Алексъ вспыхнула; глаза ея засверкали. Я поспѣшила перевести разговоръ.

21

‑ Довольны-ли вы вашимъ отелемъ? – спросила я.

‑ Да, ничего… Комнаты хорошія и кормятъ недурно. Зато общество ужасное! Страшно и вспомнить!

«Какъ, опять общество ей не угодило?» съ удивленіемъ подумала я и вслухъ прибавила:

‑ Ну, и я обществомъ похвалиться не могу. Въ здѣшнемъ отелѣ, кромѣ старыхъ англичанокъ въ очкахъ, да клерджменовъ въ отпуску никого нѣтъ.

‑ Но это великолѣпно! – воскликнула обрадованная Алексъ – знаете что? Не переѣхать-ли намъ въ вашъ отель? Мы съ мужемъ такъ скучаемъ среди иностранцевъ, а здѣсь мы всѣ втроемъ можемъ обѣдать за однимъ столомъ… Конечно, если вы ничего противъ не имѣете. Эти табльдоты такіе безконечные…

Я разумѣется, согласилась, и Алексъ принялась хлопотать. Вызвала управляющаго гостиницей и заставила показать нѣсколько комнатъ; выбрала затѣмъ самыя удобныя и свѣтлыя, поторговалась и объявила мнѣ, что завтра-же переѣзжаетъ.

‑ Вотъ только не знаю, пріятно-ли это будетъ мужу. Здѣсь, повидимому, крашеныхъ англичанокъ нѣтъ, а онъ безъ нихъ жить не можетъ! – язвительно прибавила она по адресу Тима.

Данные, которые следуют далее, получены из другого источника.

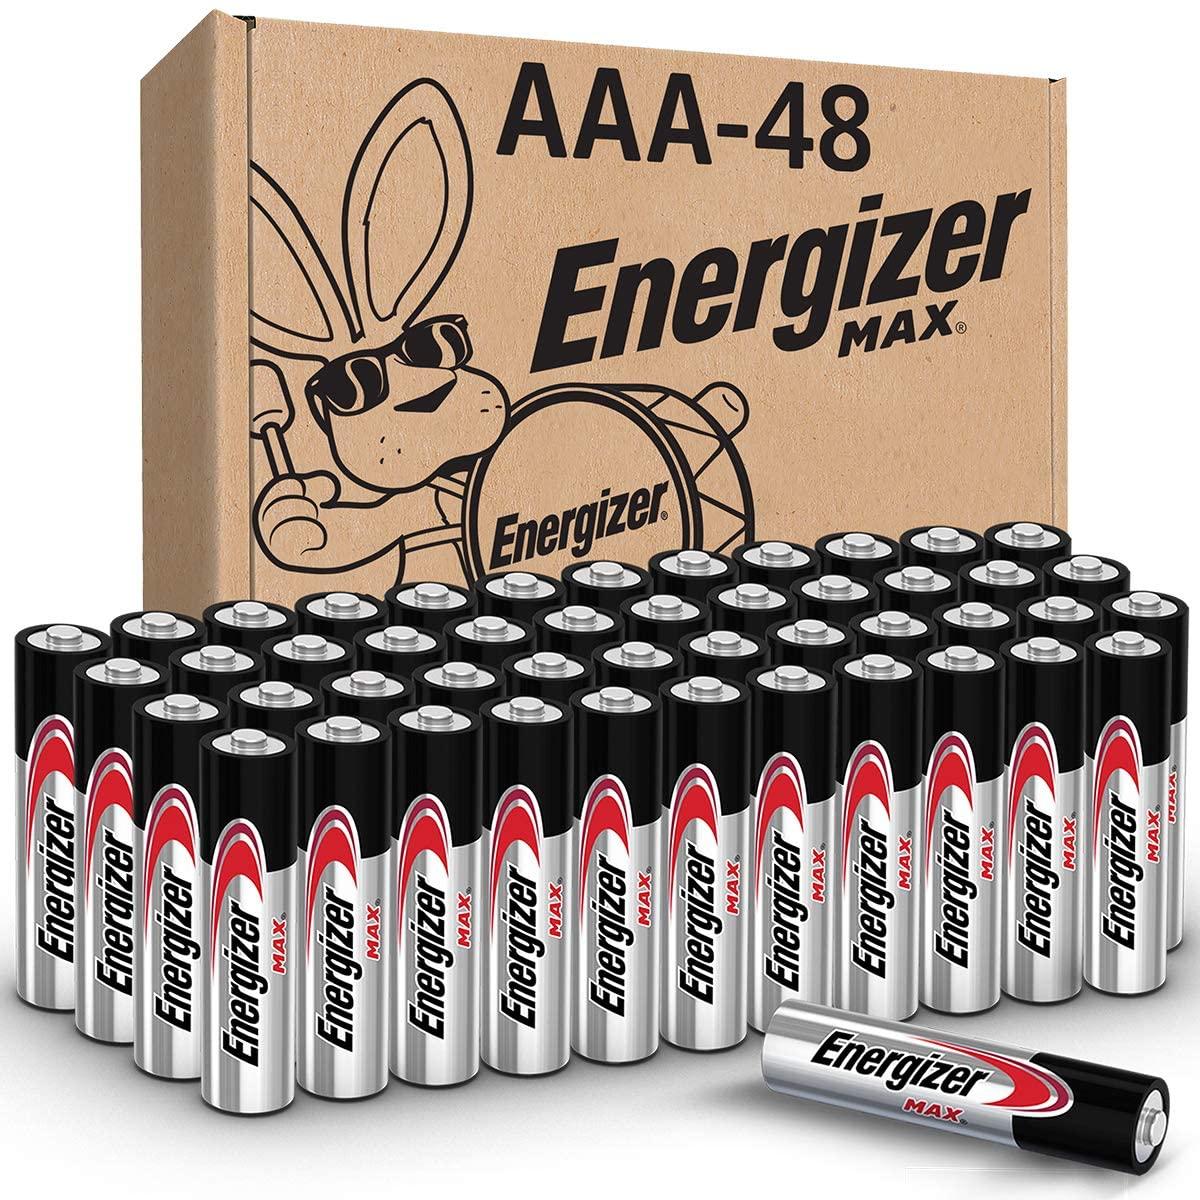 48x Energizer AAA Alkaline Batteries for $14.62 Shipped

‑ Вѣдь я-же не протестую противъ переѣзда – чего-же ты ко мнѣ пристаешь? – вспыхнувъ, отвѣчалъ онъ женѣ.

На другой день мы уже обѣдали за однимъ столомъ. Судьба, видимо, предназначила ихъ для моей книги, и я съ жаромъ принялась изучать обоихъ.

Алексъ была не только красива, но умна и прекрасно образована. Она отлично говорила по-французски

22

и по-англійски, много читала и, что рѣдко встрѣчается, могла очень красиво, сжато и отчетливо передать прочитанное. Все было въ ней элегантно: манеры, языкъ, туалеты и движенія.

Какъ-то, вскользь, Алексъ упомянула, что она рожденная княжна N. и я съ удивленіемъ услыхала одну изъ лучшихъ русскихъ фамилій. Что заставило эту аристократку выйти замужъ за человѣка, въ которомъ все было плебейское, начиная съ его имени Тимофей и кончая вульгарнымъ голосомъ? Красота-ли его или то душевное джентльменство, которое столь-же было въ немъ несомнѣнно, какъ и его мѣщанское происхожденіе.

Не смотря на двѣнадцать лѣтъ брака Алексъ по-прежнему страстно любила мужа. Я часто ловила ея нѣжные восторженные взгляды, устремленные на него. Къ большому моему удивленію Тимъ ихъ не замѣчалъ, а если и видѣлъ, то съ досадою отвертывался.

«Чего-же ему надо?» думала я, «его жена такая красавица, такая обворожительная женщина!»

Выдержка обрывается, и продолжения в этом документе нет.